4. Extended reading deeplearning4j comes with learning case project deeplearning4j-examples

deeplearning4j-examples Refer to its readme document and pick a few cases to run. First, download the four tool classes of util in dl4j-examples
①Classic iris classification case, just run it
IrisClassifier.java

/* *****************************************************************************
 *
 *
 *
 * This program and the accompanying materials are made available under the
 * terms of the Apache License, Version 2.0 which is available at
 * https://www.apache.org/licenses/LICENSE-2.0.
 *  See the NOTICE file distributed with this work for additional
 *  information regarding copyright ownership.
 *
 * Unless required by applicable law or agreed to in writing, software
 * distributed under the License is distributed on an "AS IS" BASIS, WITHOUT
 * WARRANTIES OR CONDITIONS OF ANY KIND, either express or implied. See the
 * License for the specific language governing permissions and limitations
 * under the License.
 *
 * SPDX-License-Identifier: Apache-2.0
 ******************************************************************************/

package ai;

import org.datavec.api.records.reader.RecordReader;
import org.datavec.api.records.reader.impl.csv.CSVRecordReader;
import org.datavec.api.split.FileSplit;
import org.deeplearning4j.datasets.datavec.RecordReaderDataSetIterator;
import org.deeplearning4j.nn.conf.MultiLayerConfiguration;
import org.deeplearning4j.nn.conf.NeuralNetConfiguration;
import org.deeplearning4j.nn.conf.layers.DenseLayer;
import org.deeplearning4j.nn.conf.layers.OutputLayer;
import org.deeplearning4j.nn.multilayer.MultiLayerNetwork;
import org.deeplearning4j.nn.weights.WeightInit;
import org.deeplearning4j.optimize.listeners.ScoreIterationListener;
import org.nd4j.evaluation.classification.Evaluation;
import org.nd4j.linalg.activations.Activation;
import org.nd4j.linalg.api.ndarray.INDArray;
import org.nd4j.linalg.dataset.DataSet;
import org.nd4j.linalg.dataset.SplitTestAndTrain;
import org.nd4j.linalg.dataset.api.iterator.DataSetIterator;
import org.nd4j.linalg.dataset.api.preprocessor.DataNormalization;
import org.nd4j.linalg.dataset.api.preprocessor.NormalizerStandardize;
import org.nd4j.linalg.learning.config.Sgd;
import org.nd4j.linalg.lossfunctions.LossFunctions;
import org.slf4j.Logger;
import org.slf4j.LoggerFactory;

import java.io.File;

/**
 * @author Adam Gibson
 */
@SuppressWarnings("DuplicatedCode")
public class IrisClassifier {
    
    

    private static Logger log = LoggerFactory.getLogger(IrisClassifier.class);

    public static void main(String[] args) throws  Exception {
    
    

        //First: get the dataset using the record reader.
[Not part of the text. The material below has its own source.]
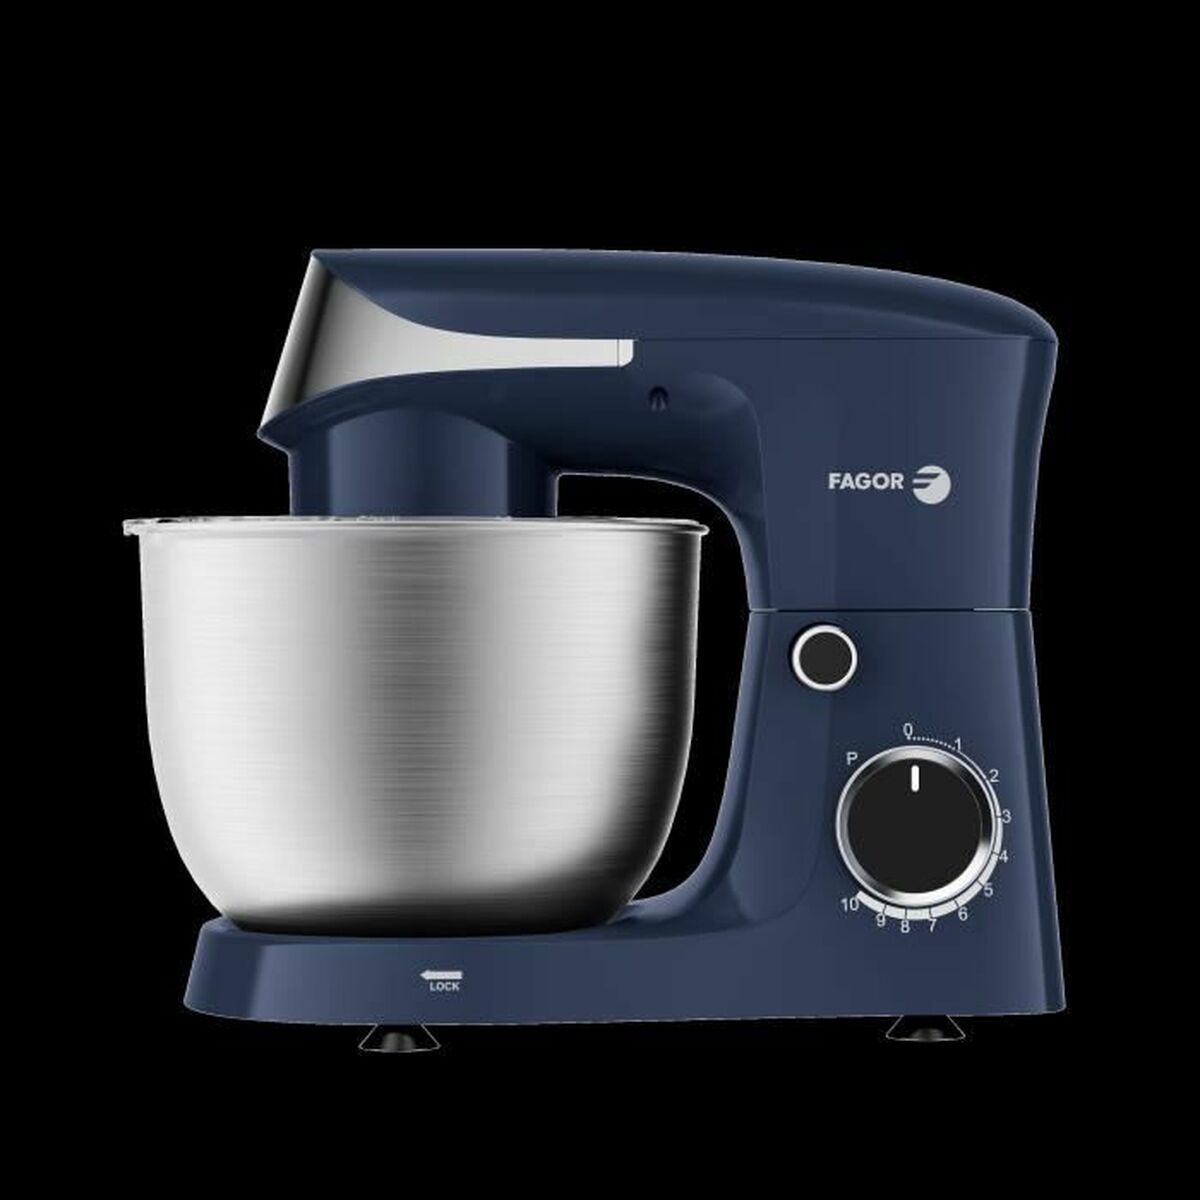 Küchenmaschine Fagor FG2433 Blau 1500 W 4,3 L - CA International  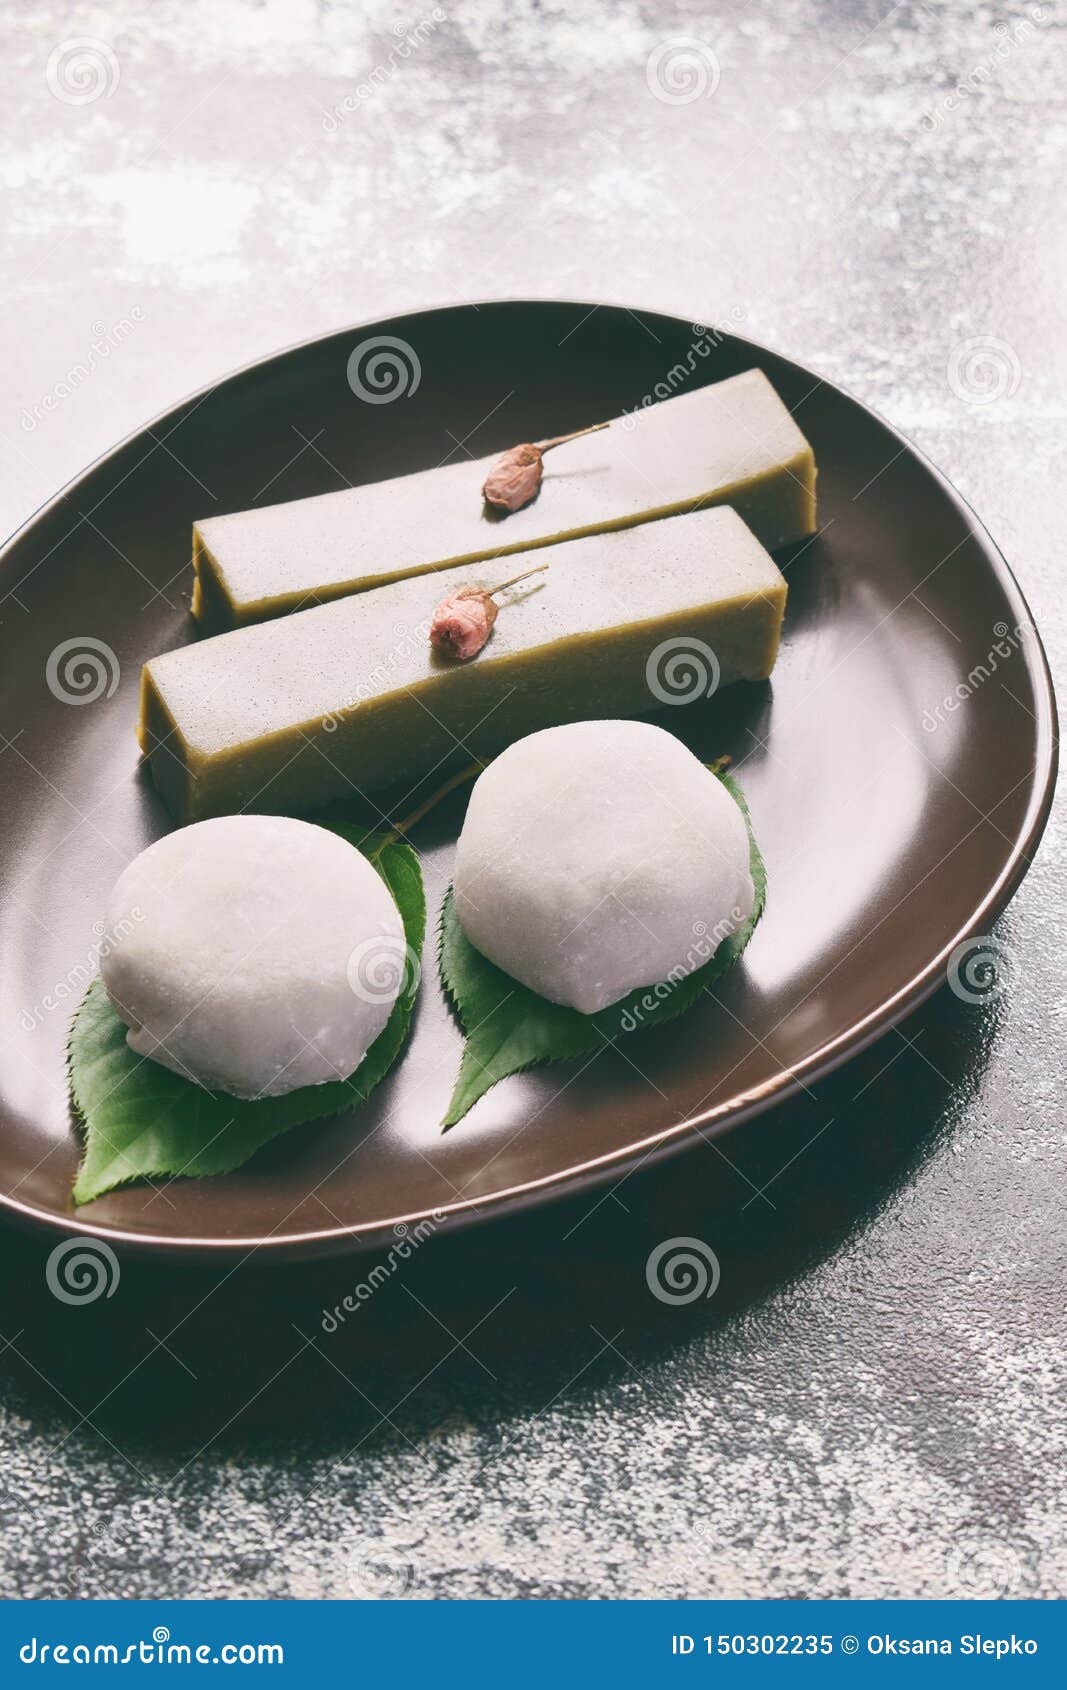 Le mochi, le dessert traditionnel japonais

CSVRecordReader handles loading/parsing
        int numLinesToSkip = 0;
        char delimiter = ',';
        RecordReader recordReader = new CSVRecordReader(numLinesToSkip,delimiter);
        recordReader.initialize(new FileSplit(new File(DownloaderUtility.IRISDATA.Download(),"iris.txt")));

        //Second: the RecordReaderDataSetIterator handles conversion to DataSet objects, ready for use in neural network
        int labelIndex = 4;     //5 values in each row of the iris.txt CSV: 4 input features followed by an integer label (class) index. Labels are the 5th value (index 4) in each row
        int numClasses = 3;     //3 classes (types of iris flowers) in the iris data set. Classes have integer values 0, 1 or 2
        int batchSize = 150;    //Iris data set: 150 examples total. We are loading all of them into one DataSet (not recommended for large data sets)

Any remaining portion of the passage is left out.